At the first blow he cried to his family, who were all gathered at the foot of the tree, his wife with the babe in her arms,—
"It's going to cut; I know it is."
Leaving the keen instrument buried in the wood, he pulled off his outer garments. The blows now fell thick and heavy.
"Cuts like a razor. Throws the chips well. Never saw an axe work easier in the wood," broke from him at intervals, while the children clapped their hands and capered around the tree till it came crashing to the ground.
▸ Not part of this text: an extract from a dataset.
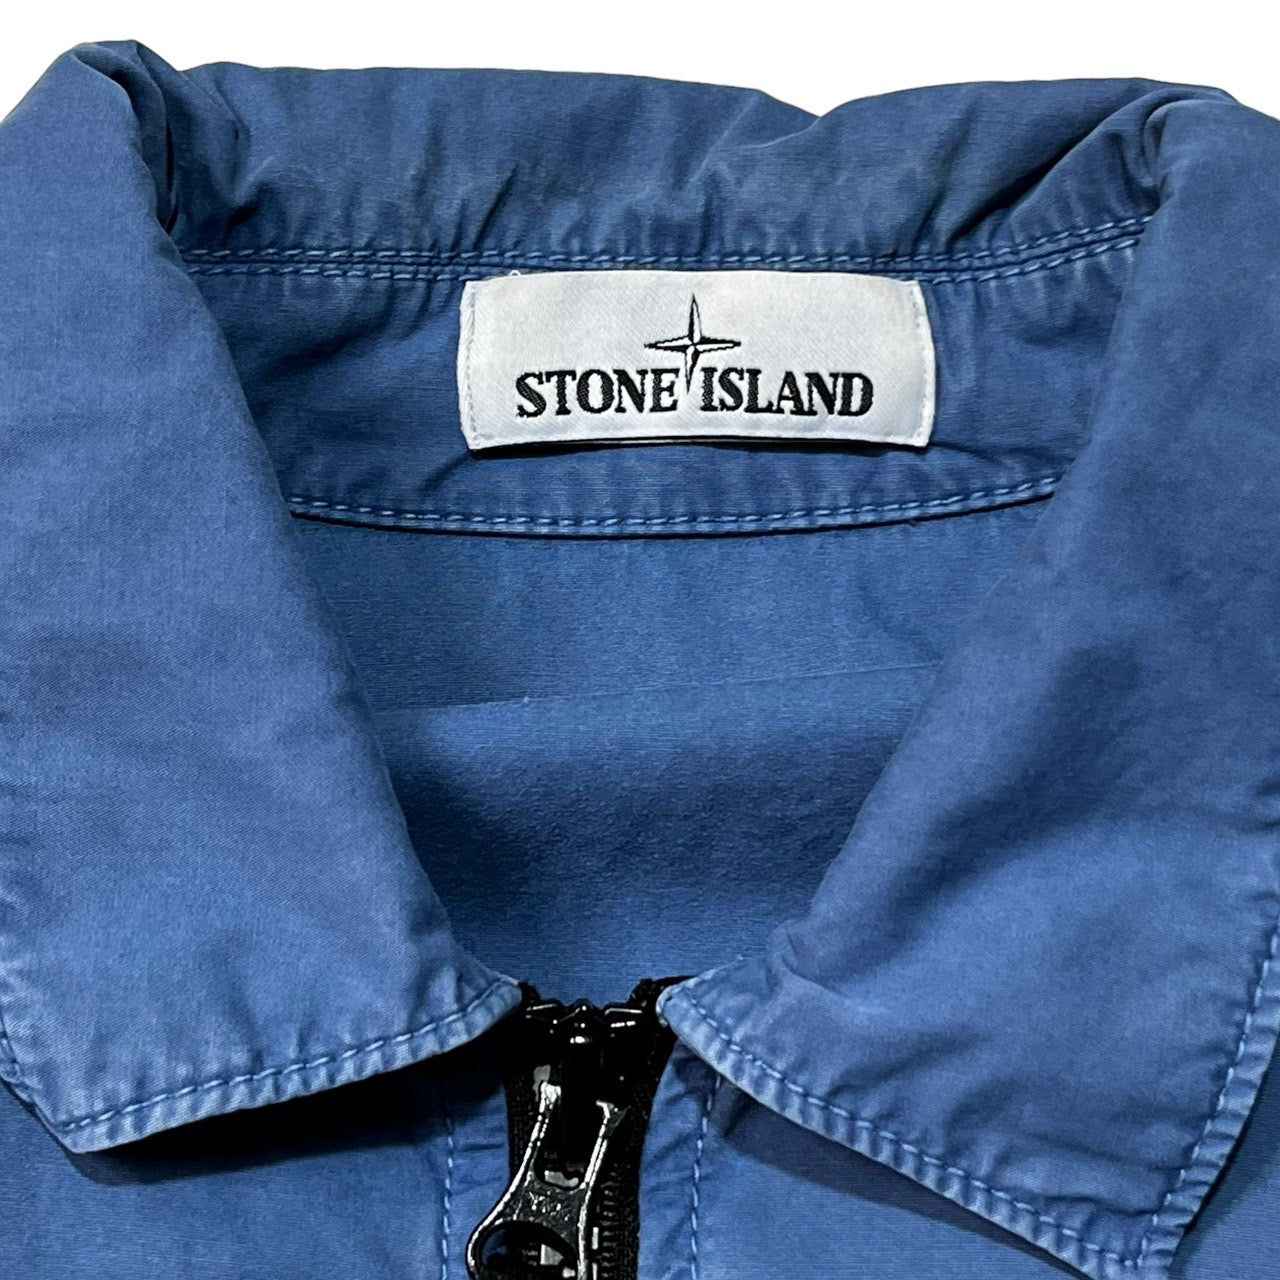 STONE ISLAND(ストーンアイランド) 20AW garment-dyed zip-up jacket ガーメントダイ ジップアップ  ジャケット 7315107WN SIZE L ブルー

The hemlock was scrubby, and one of the lower limbs was dead. Richardson struck the axe into it with all his might; but when he pulled it out, there was a piece of steel out of the middle of the bitt as large as a half-dollar.
Greatly to the surprise of his wife, he manifested no symptoms of discouragement at this disappointment in the moment of victory; he merely said, as with one foot on the butt of the tree, he looked at the shining and crystalline surface of the fracture,—
"Well, I've found out the temper that will shave the wood. I must now find out the highest temper that will stand hemlock knots."
The next thing Richardson did was to try with a file his saw and a draw-shave that cut well. He found they bore no comparison in hardness with the axe he had just broken, yet they were both wood tools, and good ones. He then tried a chopping axe made by Drew. It was softer still, but it cut well and stood hemlock, fir, and spruce knots. He now understood that tools for wood, especially where blows were given, did not admit of a very high temper.
"I wish," he said, "I did know how it is that blacksmiths tell when steel cools down to a right temper. How I wish I had asked Tom Breslaw!" He sat down on the butt of the tree to reflect. Clem seated himself by his side, while Robert, standing on the tree, wiped the drops of sweat from his father's brow.